- [Data below]:
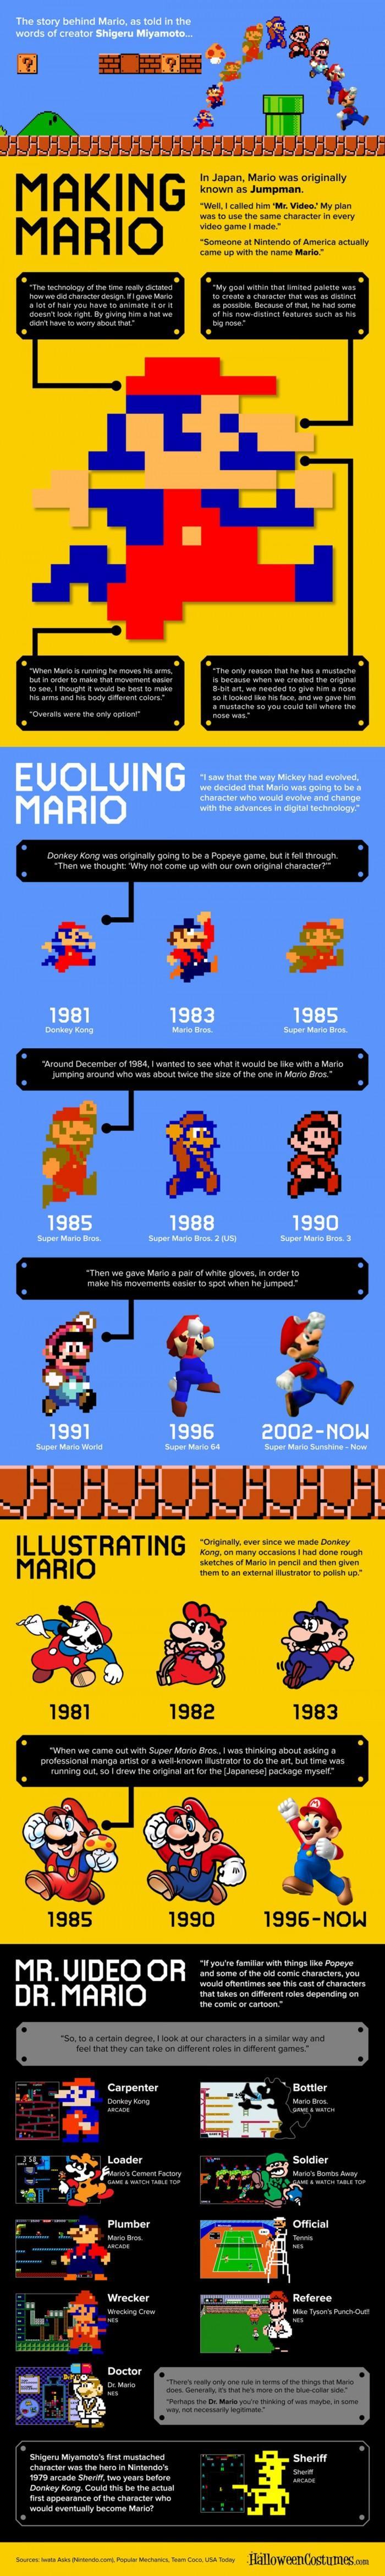 Making Mario
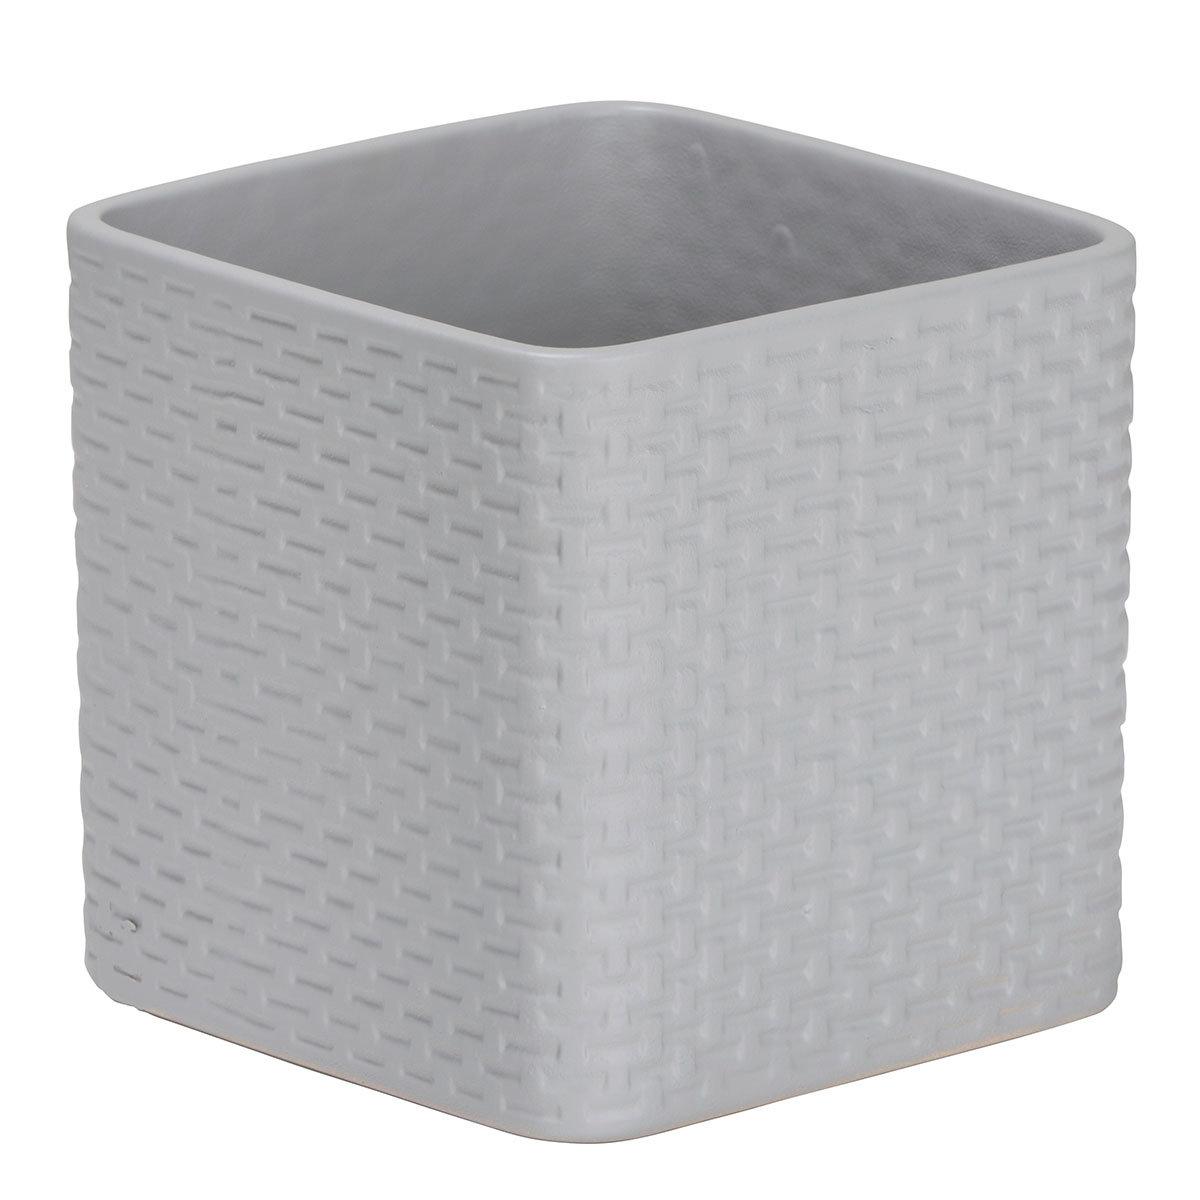 Scheurich Keramik-Übertopf Light Grey, rechteckig 13 cm   #2
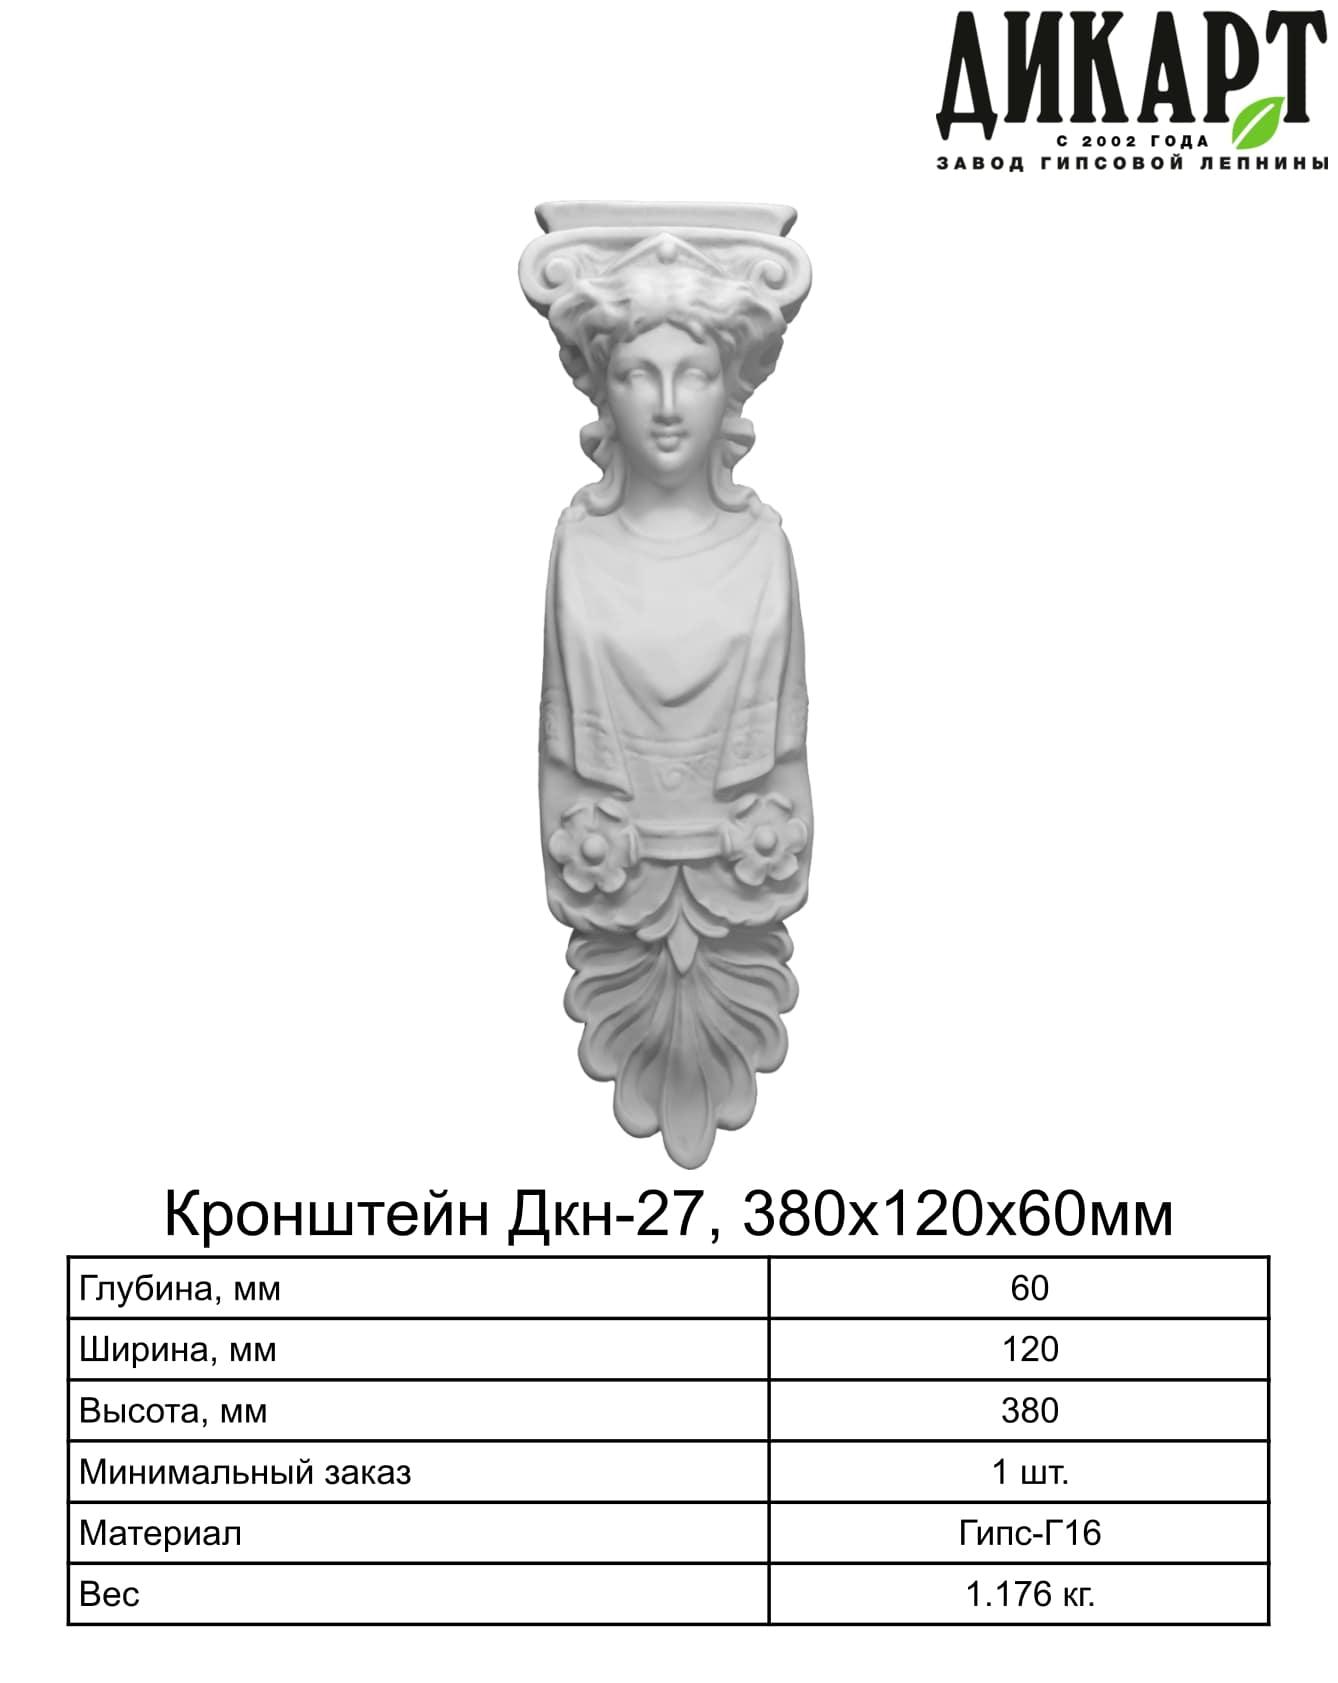 Кронштейн_Дкн-27

- [Work request]: Please set down the whole listing exactly, apart from the pictures.

- [Final answer]:
 Making Mario
 Scheurich Keramik-Übertopf Light Grey, rechteckig 13 cm   #2
 Кронштейн_Дкн-27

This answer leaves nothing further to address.